Exactly. I really hope that the collaborators are happy with the work I do…
Working with cutting-edge technology can be challenging
Are you worried if they’re happy with you? Why?
I don’t think I have the same depth of background and foundational knowledge of data analysis that would allow me to think outside the box like industry experts. I know sometimes discoveries are made in a eureka moment in the researcher’s mind based on their experience and knowledge. I’m not confident that my level of knowledge would lead me to that kind of discovery.
I usually consult with my boss and the researchers in the lab so that I can receive a thorough review before submitting the results.
It may be difficult to analyze without some knowledge of the biological phenomenon.
There are various cases. It is relatively smooth when I’m verifying the hypotheses that are already fairly well established. On the other hand, it can be difficult in the case of finding something new by looking at the results from single cell analysis. I try to slice the data in a number of ways, but I still get feedback from “wet” lab researchers where they point out what’s missing from their point of view. Then I go back to analyzing the same data, this time, based on their feedback. It’s a process of trial and error.
When seeking new findings, it sounds difficult to judge whether the analysis result is good or bad.

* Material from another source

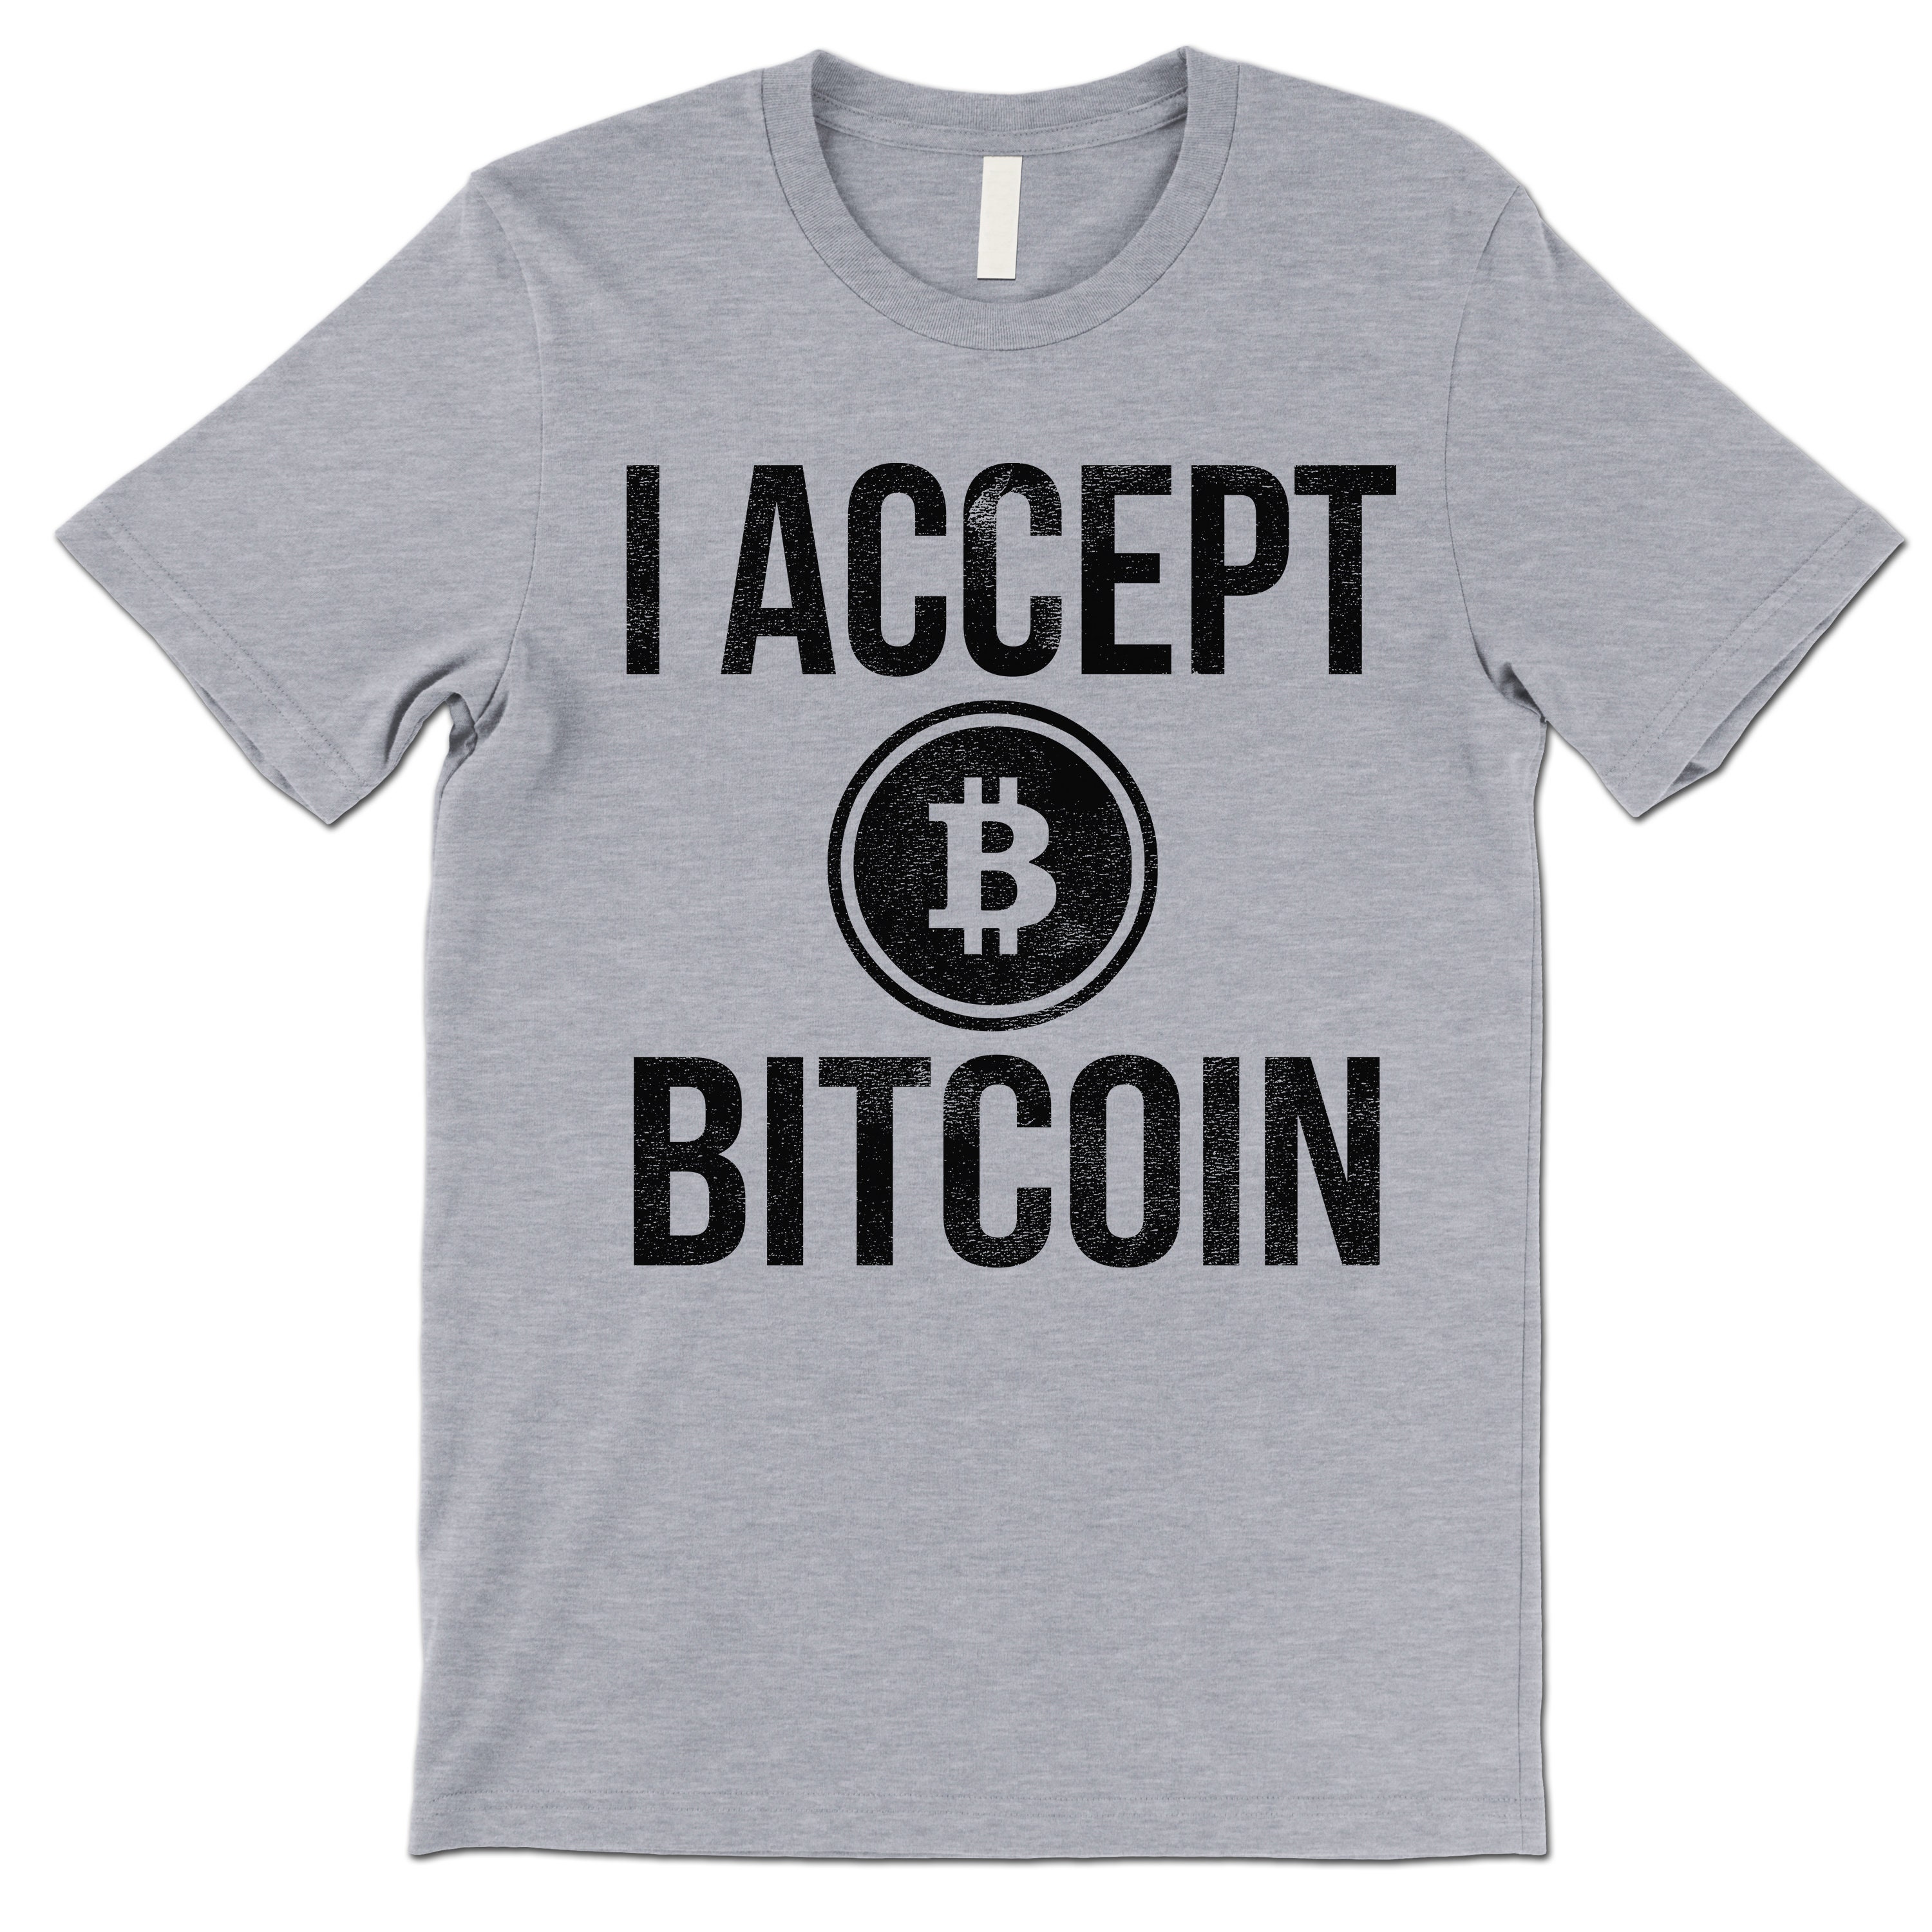 I Accept Bitcoin T Shirt. Funny Cryptocurrency Shirt. - Etsy

That’s right. Also, there is always a new analytics tool coming out, so I feel pressured to keep up to date, otherwise I’m afraid we won’t be able to produce good results. I constantly feel that there is a more efficient way than what I’m doing right now.
Also, it’s natural but it’s still tough to be one of a very few people who do this kind of work.

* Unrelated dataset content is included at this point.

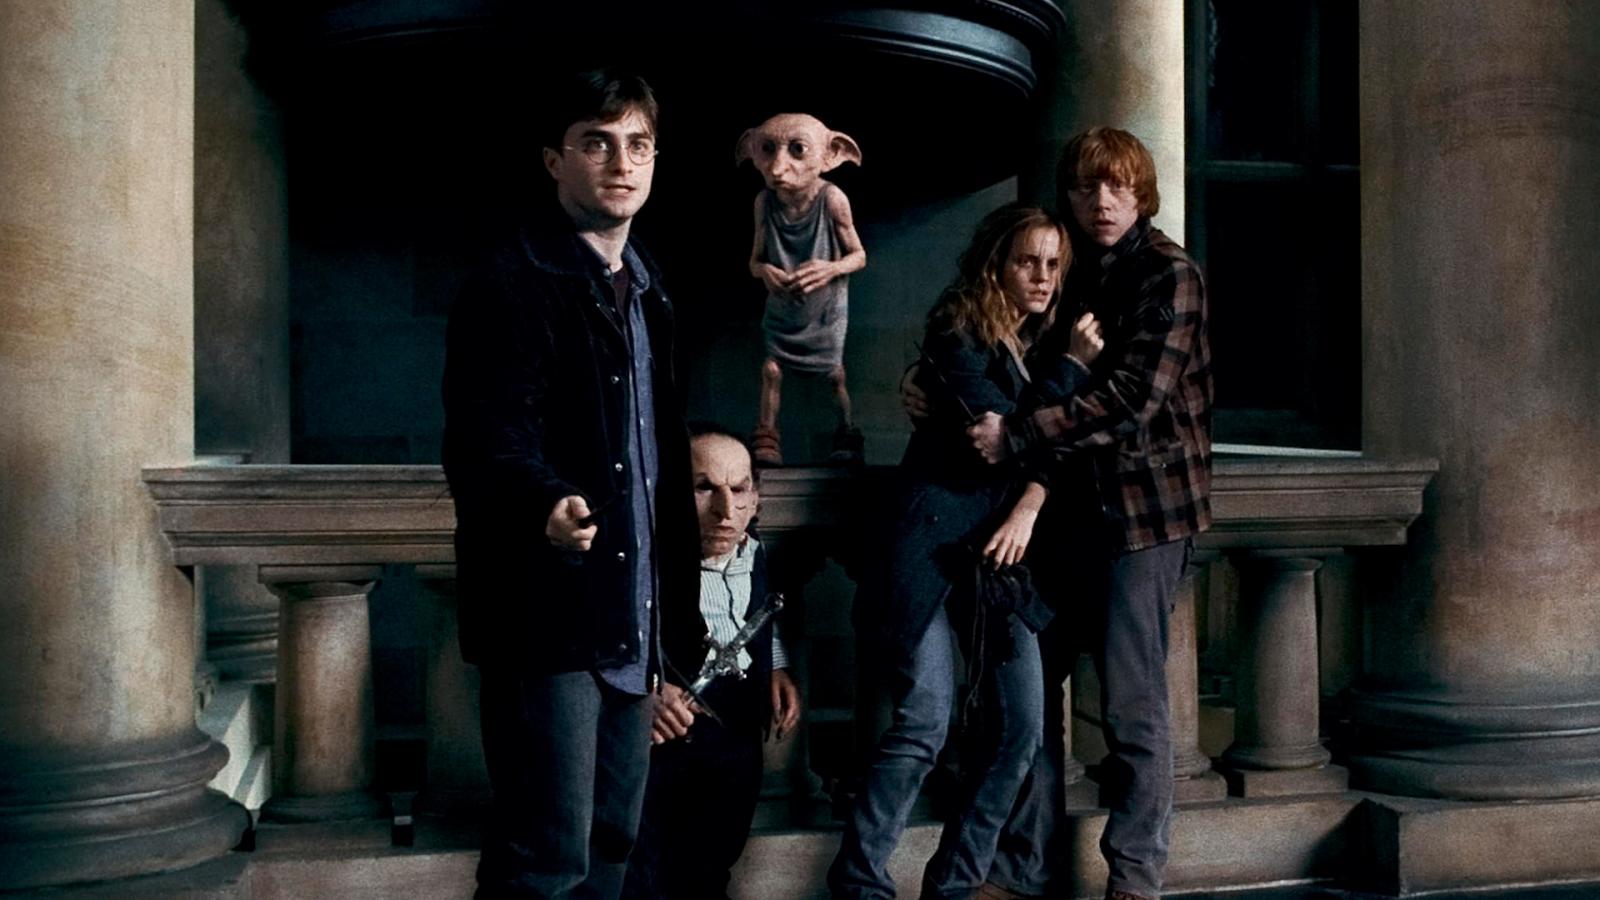 Daniel Radcliffe Officially Working on a New Harry Potter Project - image 1

I see, that means that job is less likely to get standardized.
We need to keep updating…
Well, technology is advancing rapidly. “Wet” lab researchers are quite smart so they are capable of learning some level of coding skills. Some of them can write codes that can analyze the data to a certain degree. Currently, we have a package that is close to becoming the global standard for single cell RNA-seq analysis, which is written in R that is often used in the field of statistical processing. While R is used for economics, it allows us to create various charts that are useful for our research.

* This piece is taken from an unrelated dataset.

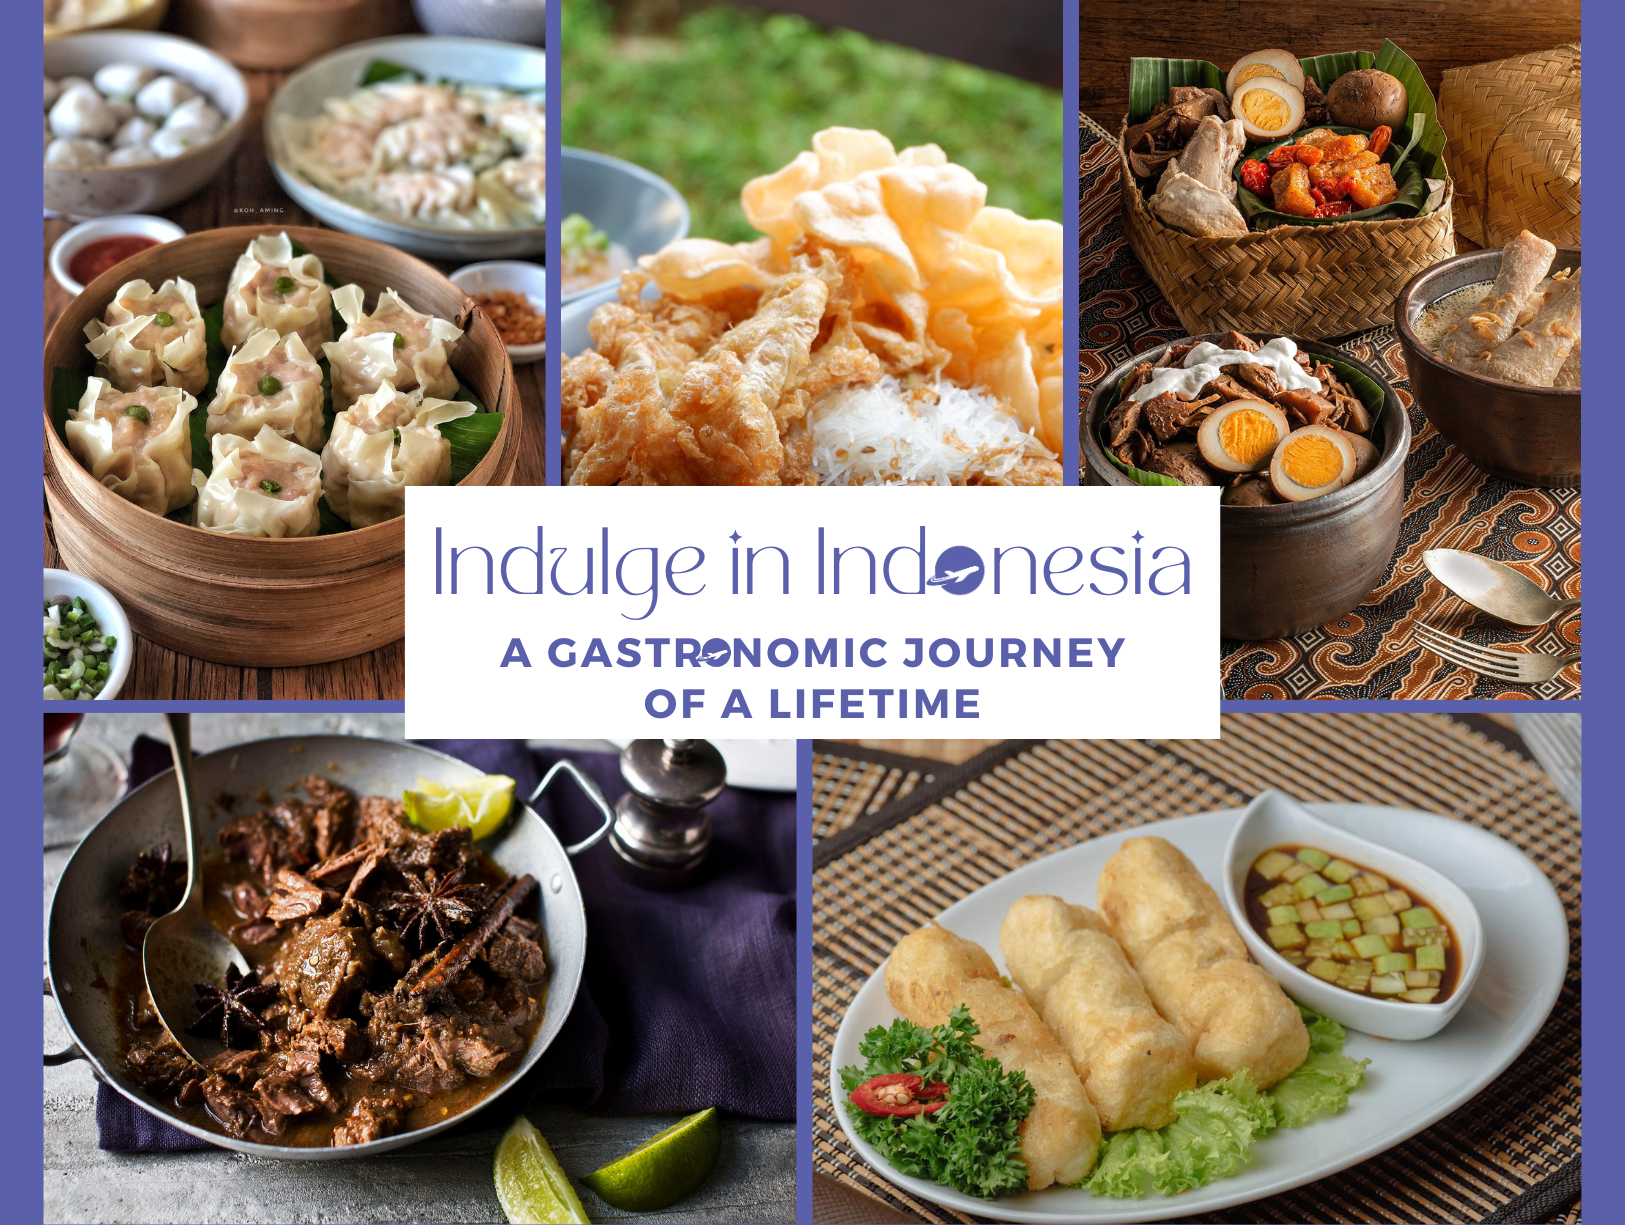 Indulge in Indonesia: A Gastronomic Journey of a Lifetime

R. I’ll check it out later.
R makes it easier to draw graphs and diagrams.
R doesn’t require much programming knowledge to do a little analysis or drawing charts. In fact, there was a researcher who was able to start writing in R on their own while we were working together.
I see, then you have to keep ahead of the game… But how did you learn that at first?
There weren’t many books available back then, so I studied the code written in R by other researchers. I could follow most of it because I was trying to do almost the same thing with my code. When I didn’t understand the algorithm in their code, I read the technical books.
Your brain seems to be wired like an engineer’s…
It’s like learning by reading the code. There are many good books now.
In fact, we accept students as interns. When we train them, we ask them to read the books as well as to actually write it for themselves.
I think it would be nice if you could do a workshop on that. It would be fun.
I once hosted a training session with other researchers where “wet” lab researchers could feel comfortable participating. I’d like to do that again when I have more time.
I’m looking forward to it!
This interview felt to me as if I was getting a look behind the scenes of the exciting world of single cell analysis. I’m sure there are many things I didn’t quite understand but I feel a renewed appreciation for the people who support such cutting-edge research even though they are not in the spotlight.